Холодный пот выступил у меня над верхней губой. Голова начала кружиться от непонимания и… счастья. Все медленно вставало на свои места. Пит – отец Руты. А Гейл? Гейл после УЗИ проникся к ребенку симпатией, понял, что на нем лежит ответственность за эту крошку. Ведь если ее родители могут погибнуть на играх, и у Руты не останется никого. Прим – еще сама ребенок, на ее маму надежды мало, мистер Эбернети пьет, как черт, миссис Мелларк не особенно рада внучке, остаются только ее муж и Гейл.

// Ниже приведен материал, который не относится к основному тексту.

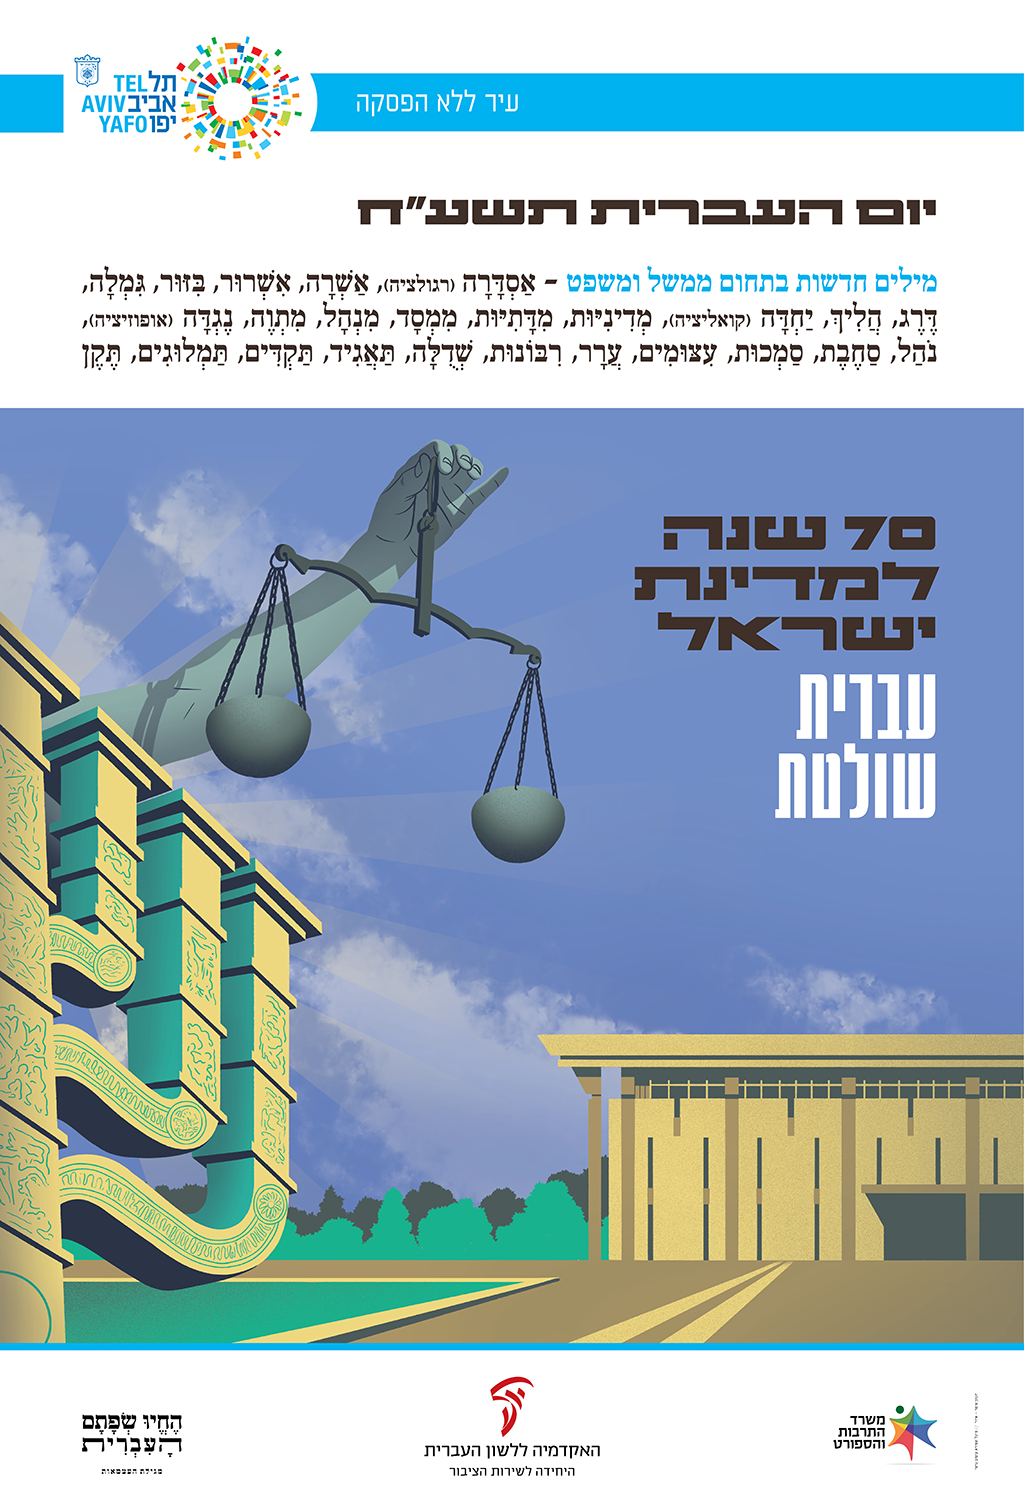 כרזה ליום העברית תשע"ח איור של הכנסת, מנורה, ויד מחזיקה מאזניים וכיתוב "עברית שולטת"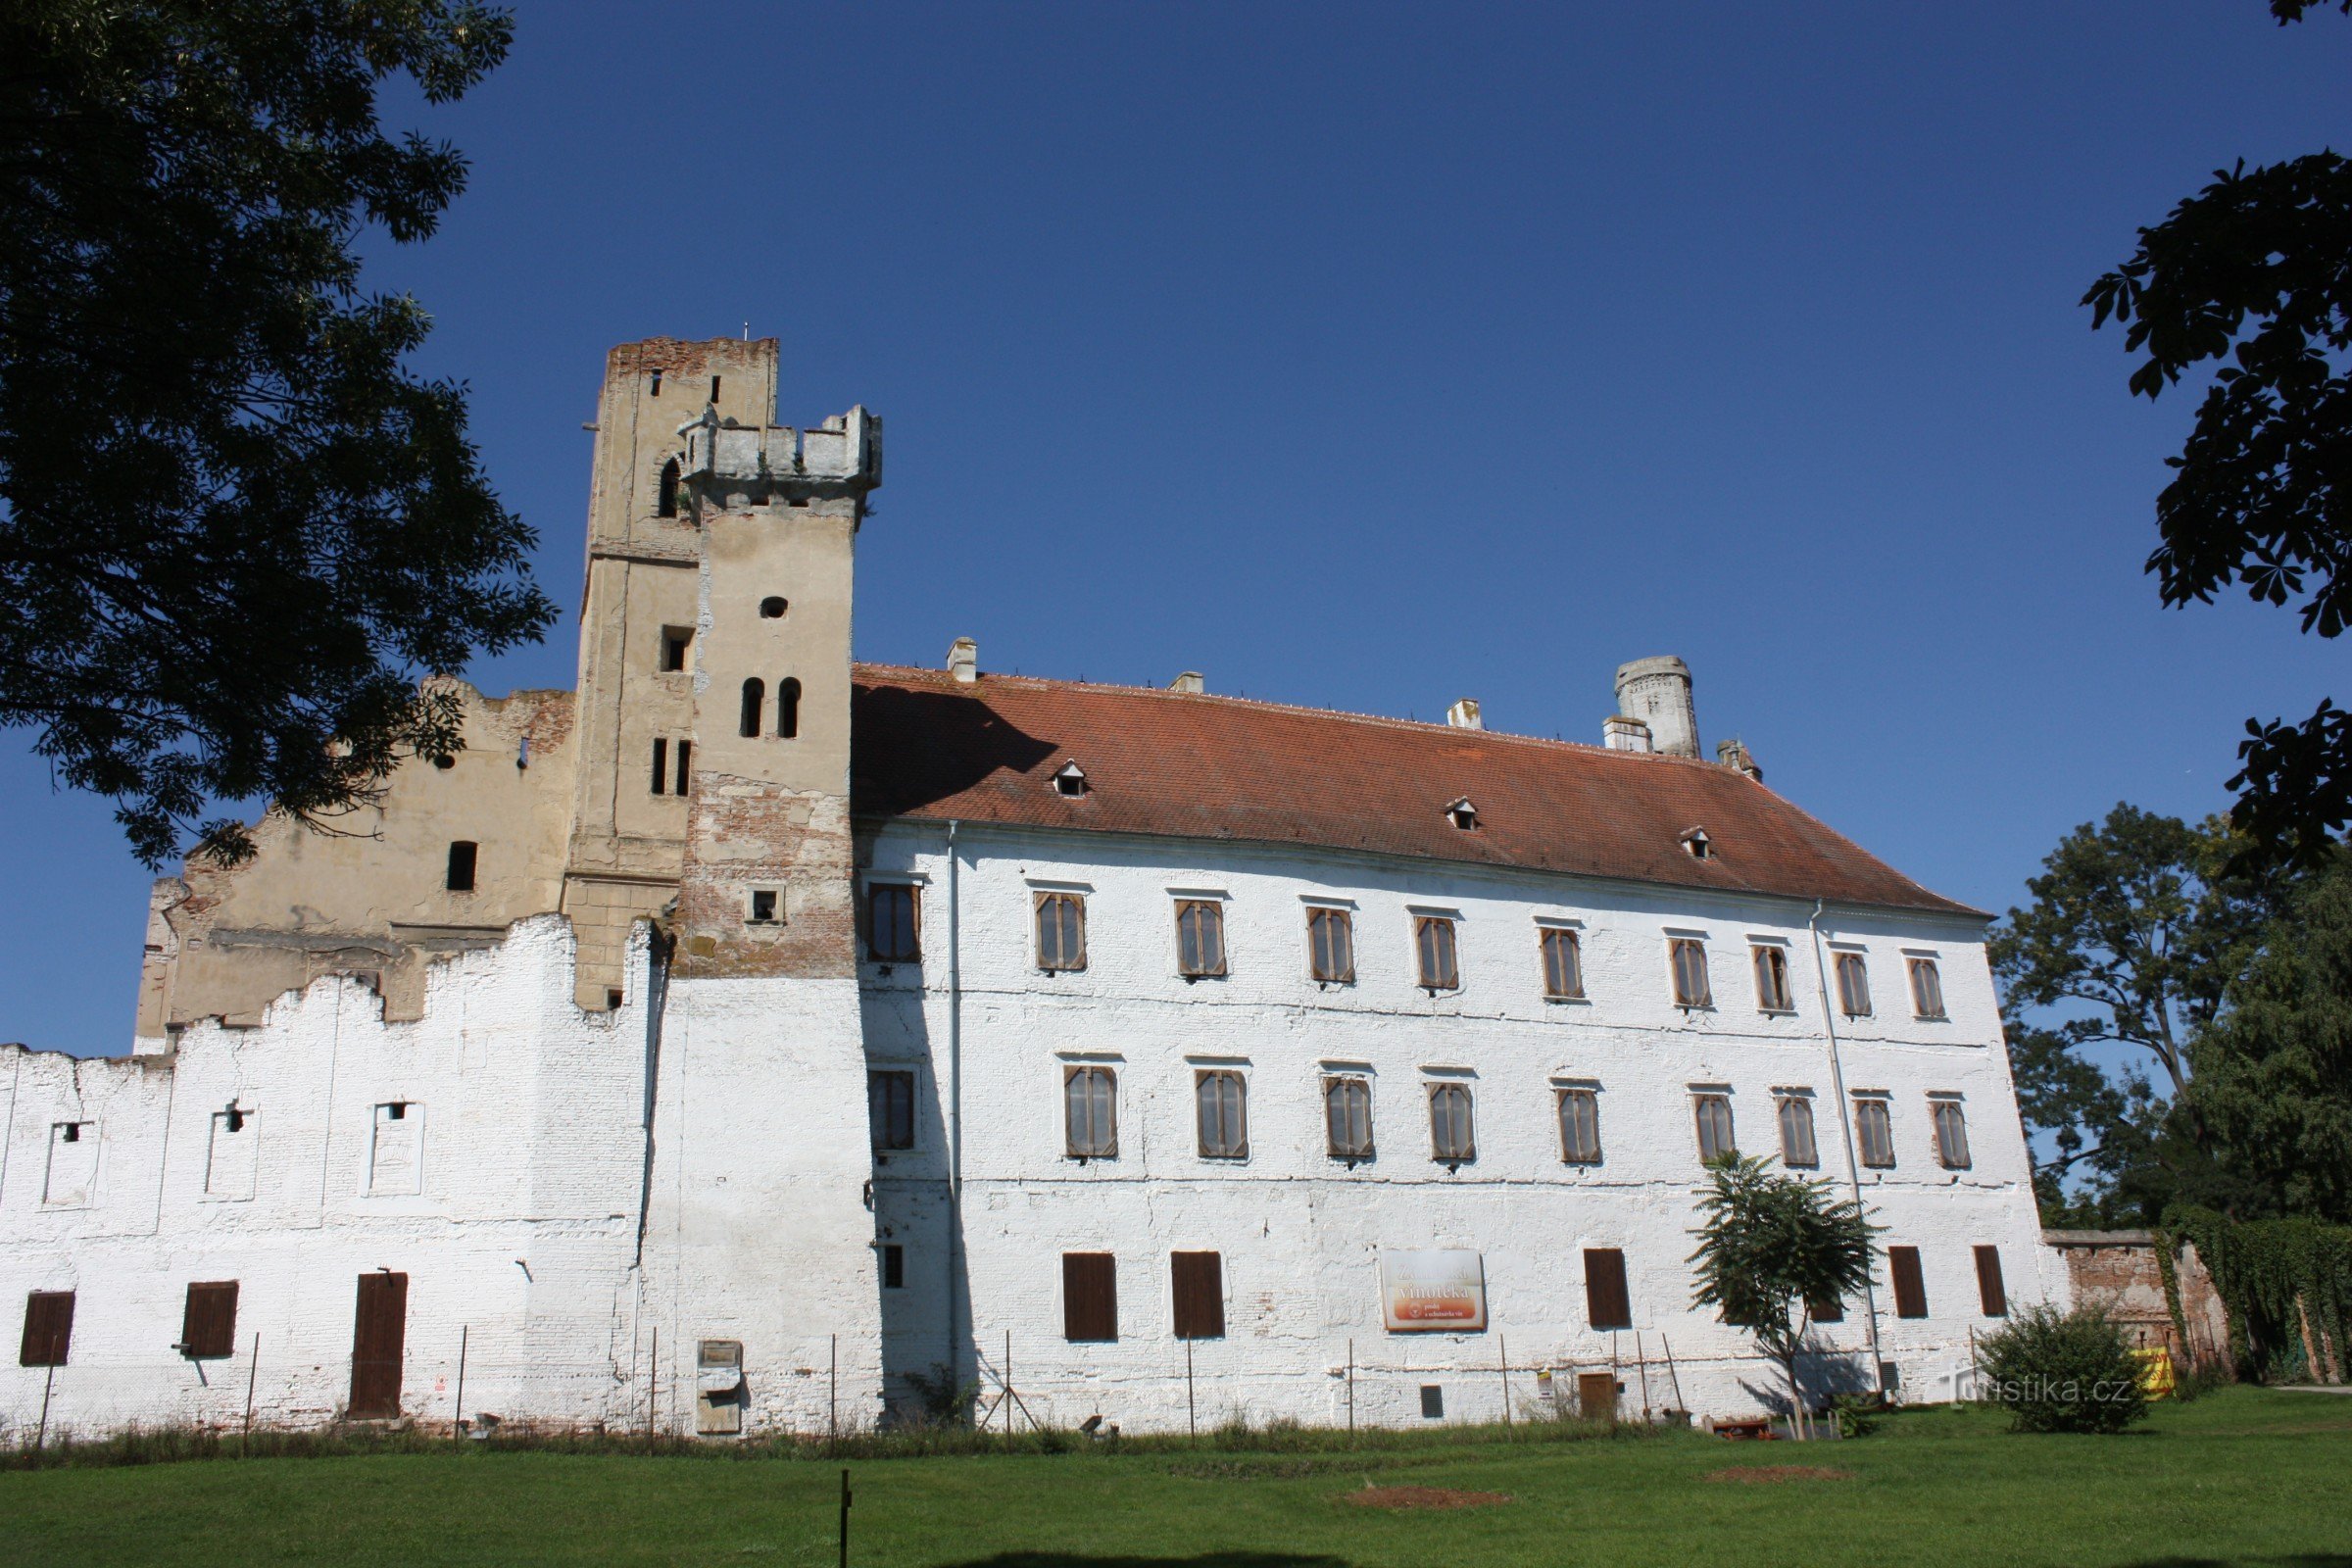 Castelo de Břeclav, originalmente um castelo situado no local de uma colina do século XI

Ради старой дружбы и… любви Охотник решился заботиться о девочке, просто ради ее матери. Глоток свежего воздуха заставил мои плечи расправиться, я впервые почувствовала приближение весны, а ведь снег к тому времени таял уже как недели две, и солнце ласково отогревало замерзшие сердца. В тот момент мне вновь захотелось жить.
– А улыбка тебе к лицу, – заметил Пит. – Даже румянец появился, приятно, что ты улыбаешься моей дочери, но не хочешь ли ты вернуть ее обратно в коляску?
– Прости, я задумалась, – я почувствовала, что покраснела еще больше. Ах, если бы и у меня была такая же девочка, только сероглазая.